Определение категорий пространства и времени, считает М.В. Гаврилова (1996), прежде всего проблема мировоззренческая, гносеологическая. Пространство и время Ньютона после открытий Эйнштейна потеряли свой абсолютный характер и уступили место новому понятию «пространства-времени», то есть хронотопа. Основными свойствами хронотопа, по мнению Н. Якимец (1999), является его релятивность (ориентация на субъект как точку отсчёта в системе координат) и аксиологическая ориентированность, обусловленные субъективным характером данных категорий. В XX в. пространство и время, как философские категории, сделались предметом рефлектирования, и обойти эту сторону дела, отмечает Ю. Лотман, невозможно (Письма Ю.М. Лотмана Л.Л. Фиалковой № 731 от 15 июля 1983: 719).

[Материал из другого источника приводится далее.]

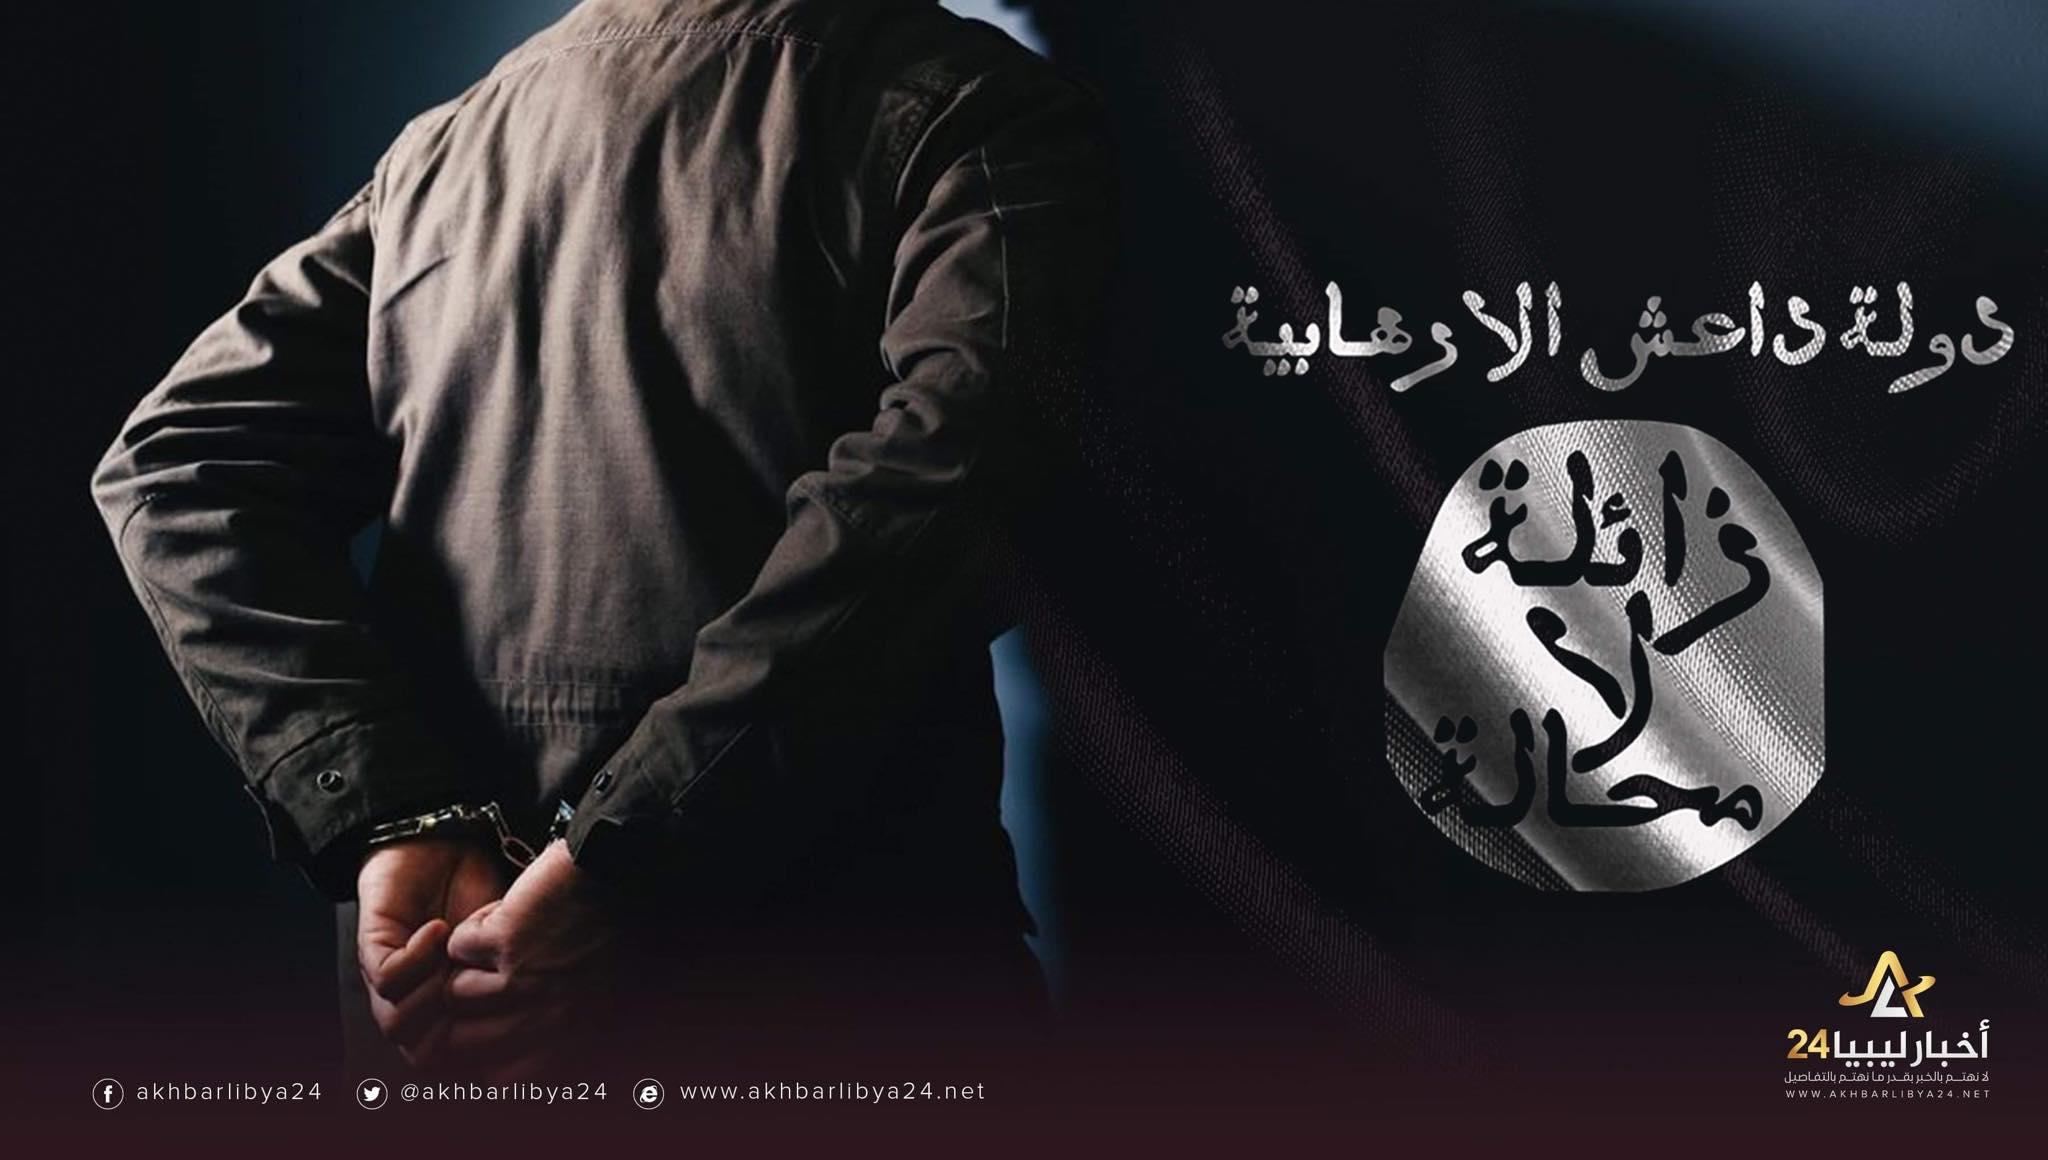 صورة خلايا الإرهاب النائمة معركة الليبيين في المناطق المحررة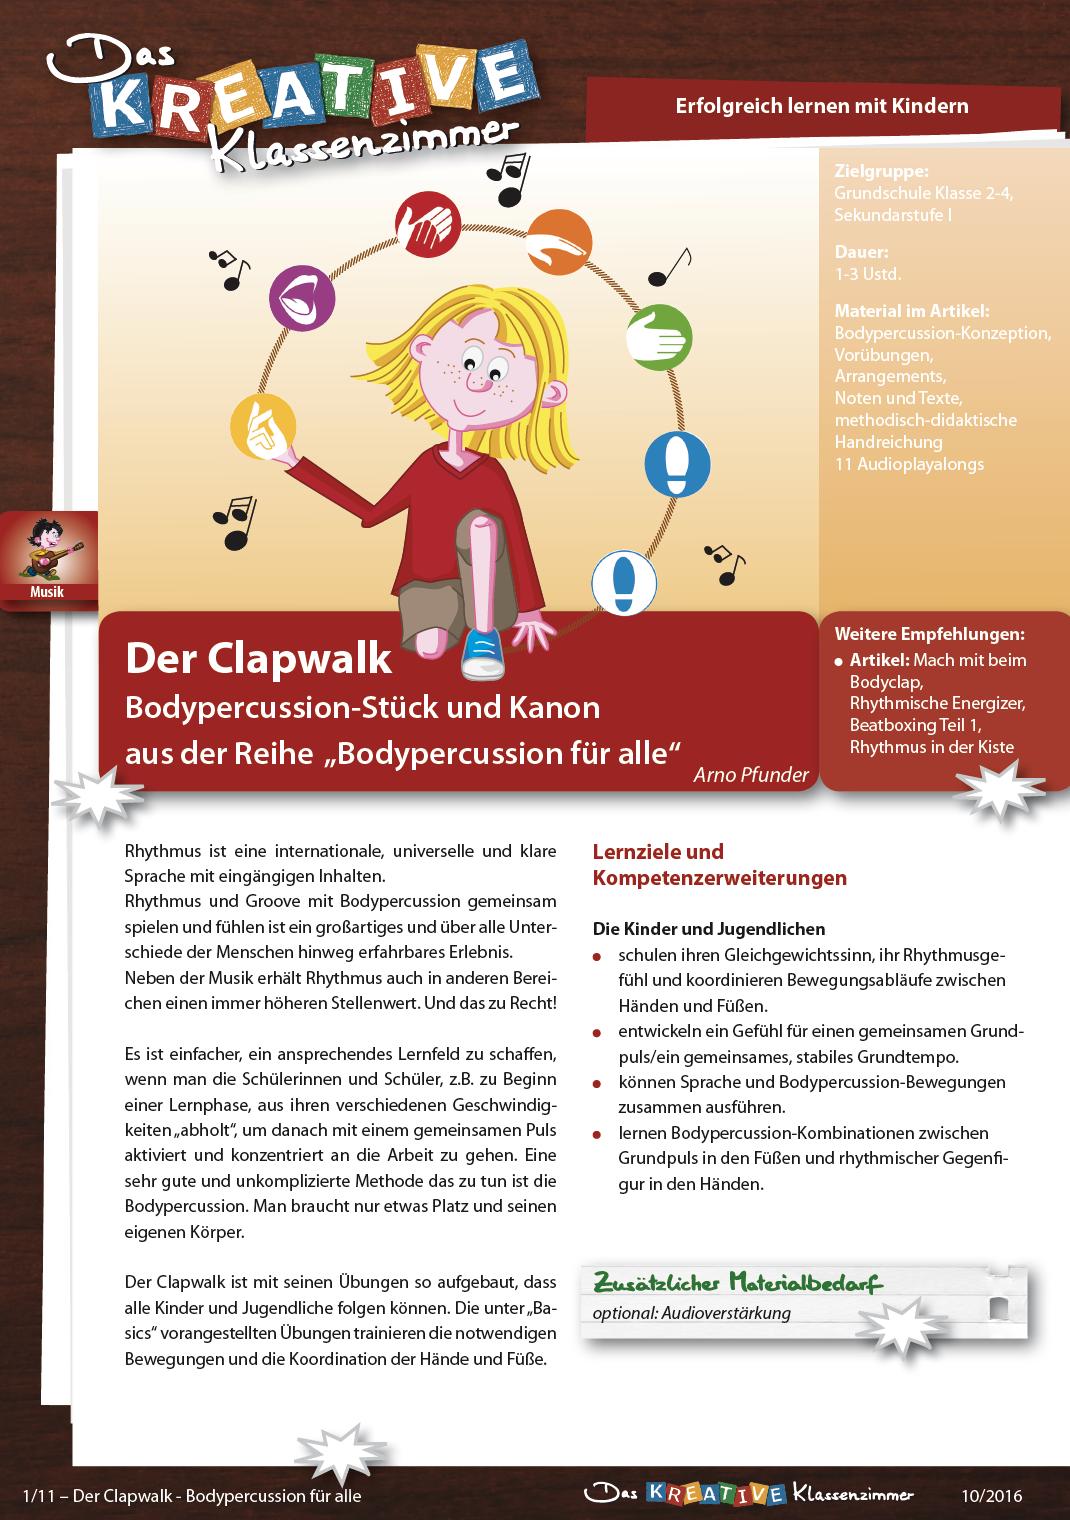 Der Clapwalk | Bodypercussion

В современной семиотике, писал Ю. Лотман, существует два, совершенно различных понимания пространства, которые «разнообразные популяризаторы, сначала писавшие доносы на подозрительное новшество пространственного анализа (Кожинов и др.), а затем ухватившиеся за модное слово, не отличают. Бахтин идёт от идей физики (теории относительности), и рассматривает пространство и время как явления одного ряда (в перспективе это восходит к Канту)» (там же, с. 720).

Лотман исходит из математического (топологического) понятия пространства: пространством в этом смысле называется множество объектов (точек), между которыми существует отношение непрерывности. В этом смысле можно говорить о семантическом пространстве, пространстве окрашенности, этическом пространстве, временном пространстве и даже пространстве физического пространства. С этой точки зрения пространство — универсальный язык моделирования.

Понятие бахтинского хронотопа представляет собой асимметричную бинарную оппозицию время — пространство, которые находятся в отношениях дополнительности. Бахтин отмечал: «Принцип дополнительности я тоже воспринимаю диалогически» (Бахтин 1986: 417). Учёный занимался проблемой пространства, изображённого в тексте и обозначаемого текстом, причём пространству отводилась роль второстепенная по отношению к времени (так что сам порядок следования греческих элементов в термине «хронотоп» приобретает иконичность).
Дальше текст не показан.